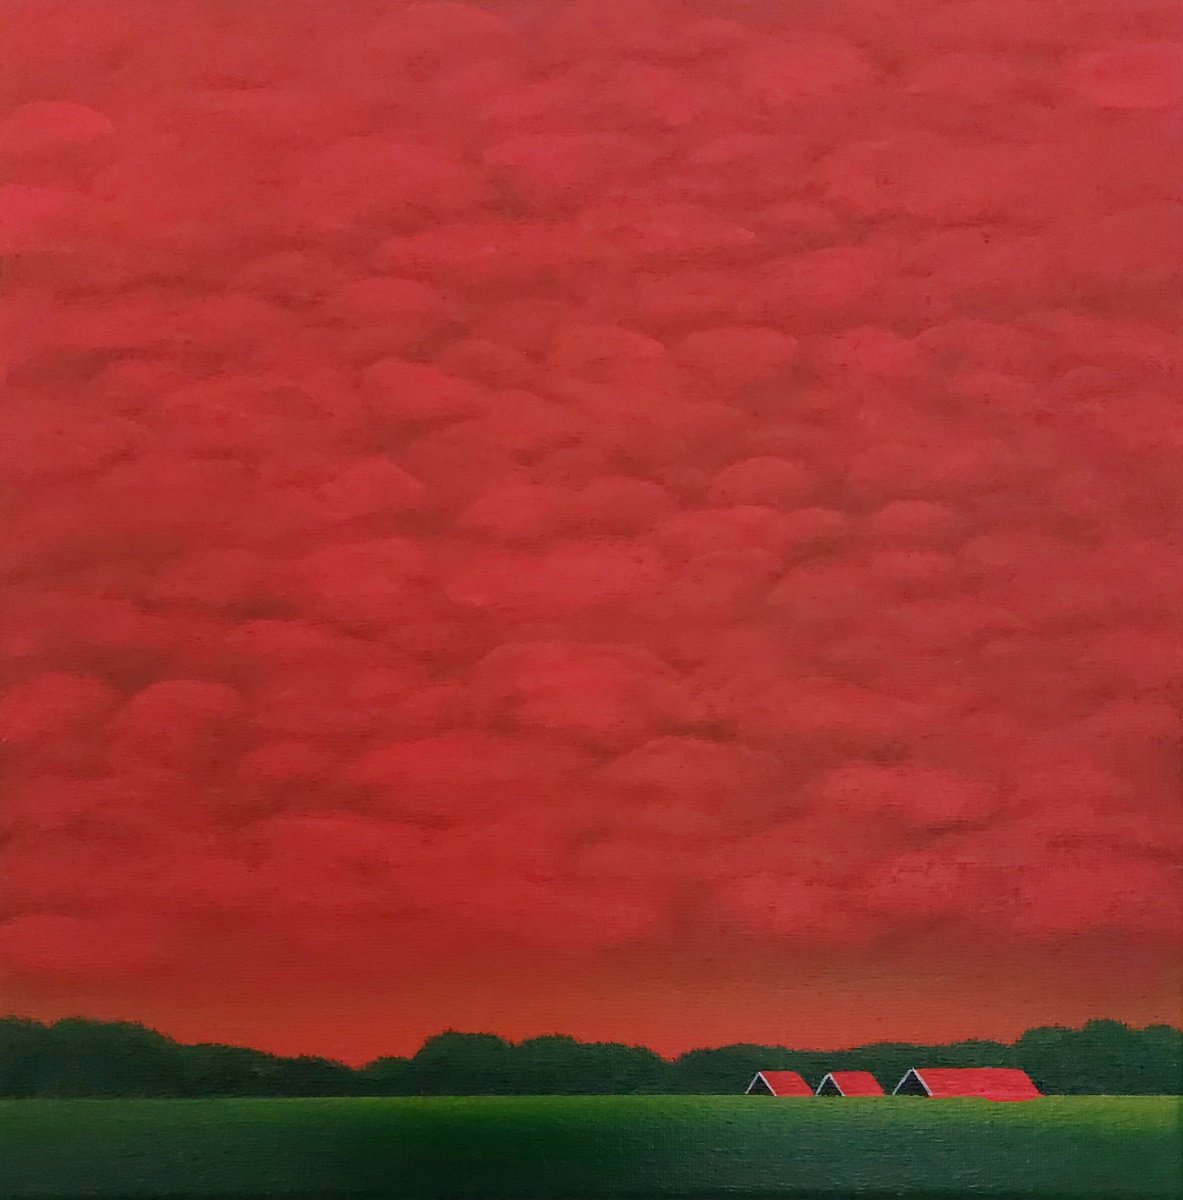 Glowing Sunset (02) by Nelly van Nieuwenhuijzen
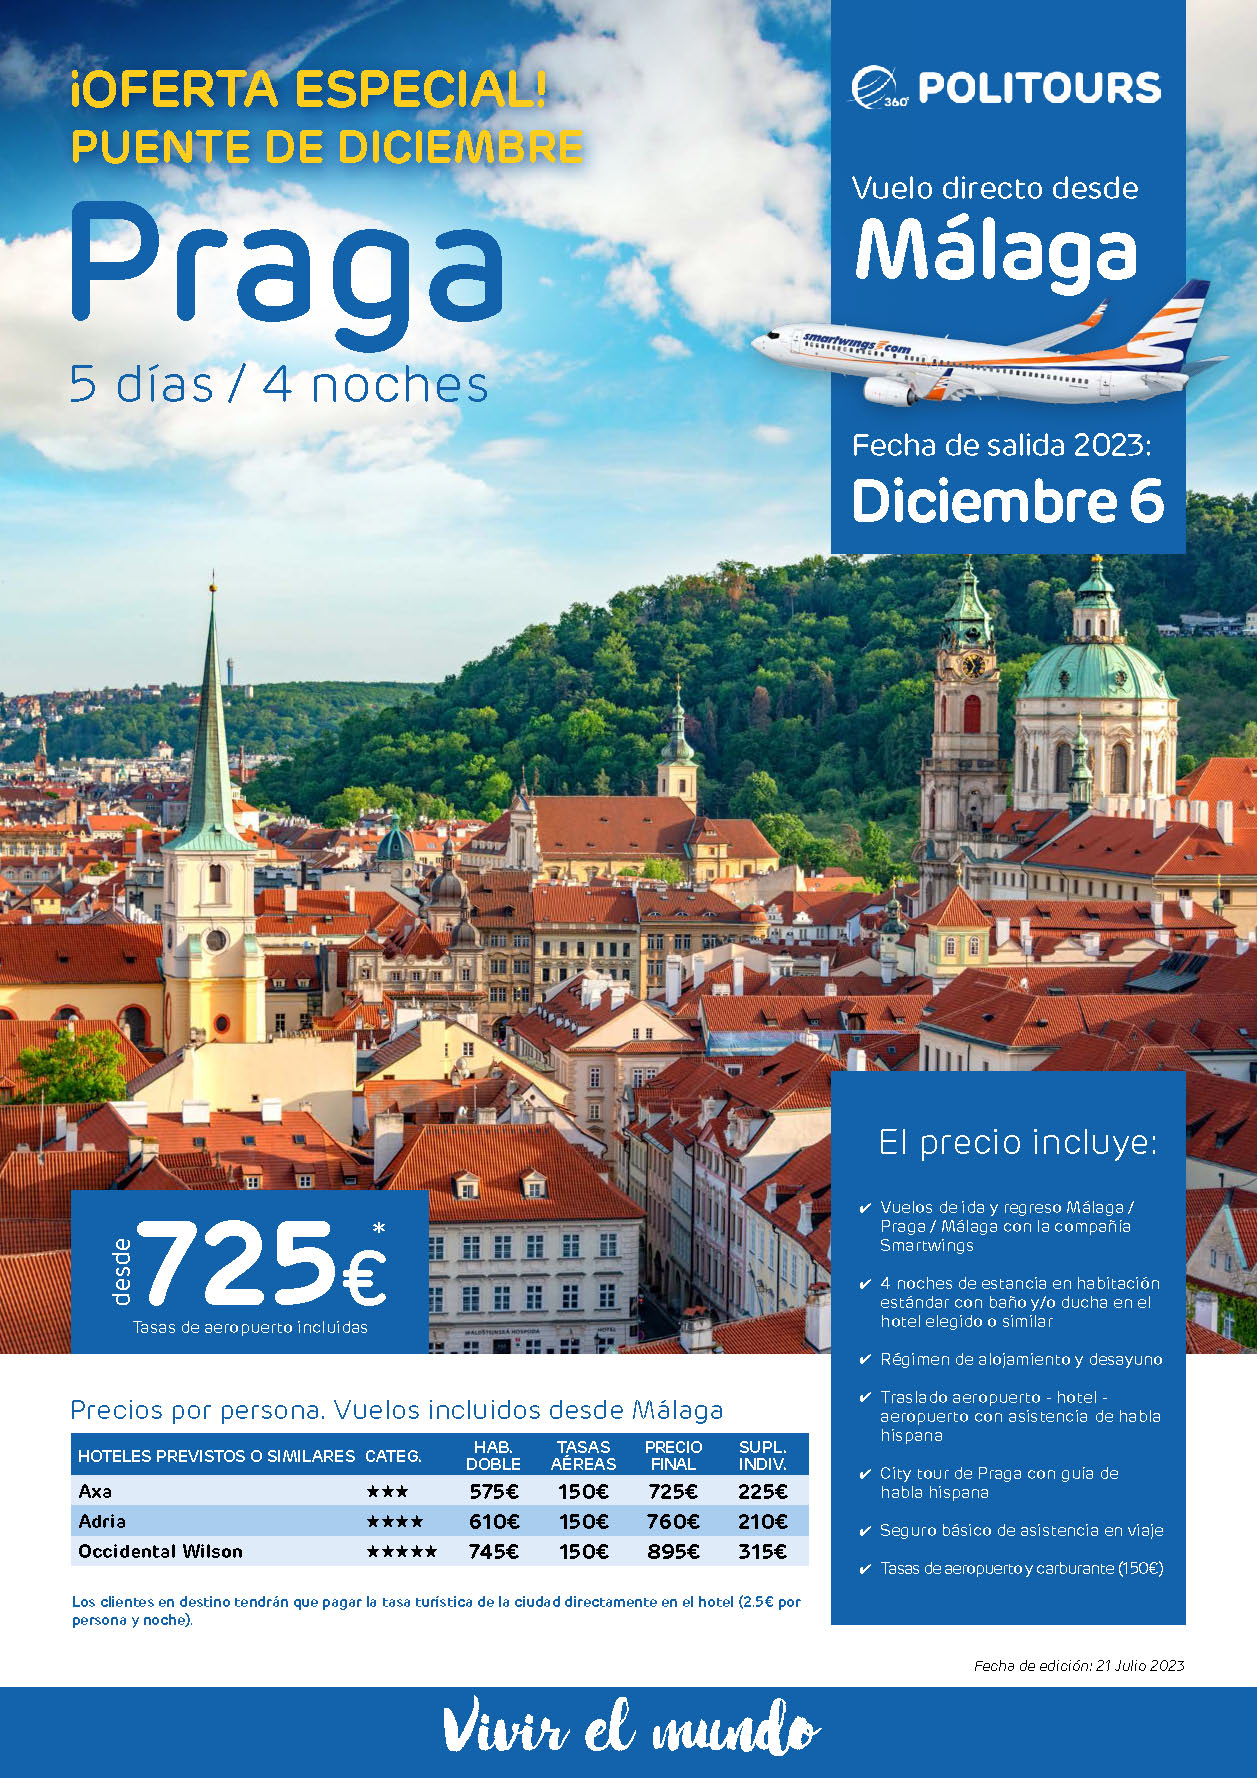 Oferta Politours Puente de Diciembre 2023 Estancia en Praga 5 dias salida 6 diciembre en vuelo directo desde Malaga
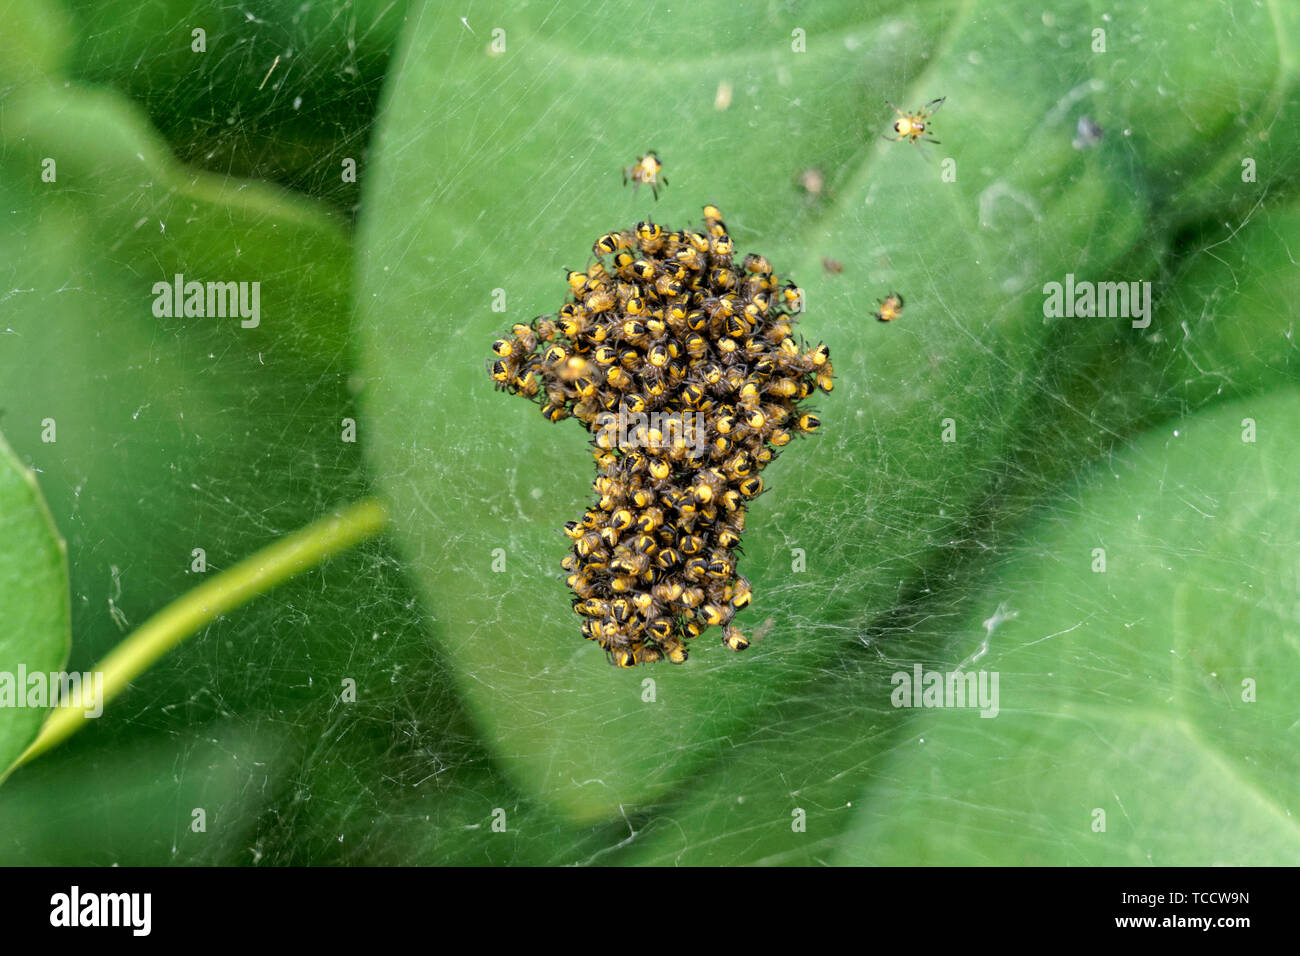 Makroaufnahme von Baby-europäischen Gartenspinnen in einem Baumschulballnetz, Vancouver, BC, Kanada Stockfoto

--------

Activity: Only exact copies are wanted here. Write out the lines from the one containing "Oferta Politours Puente" through the end of the material and no others, omitting all pictures.

Task response:
 Oferta Politours Puente de Diciembre 2023 Estancia en Praga 5 dias salida 6 diciembre en vuelo directo desde Malaga
 Makroaufnahme von Baby-europäischen Gartenspinnen in einem Baumschulballnetz, Vancouver, BC, Kanada Stockfoto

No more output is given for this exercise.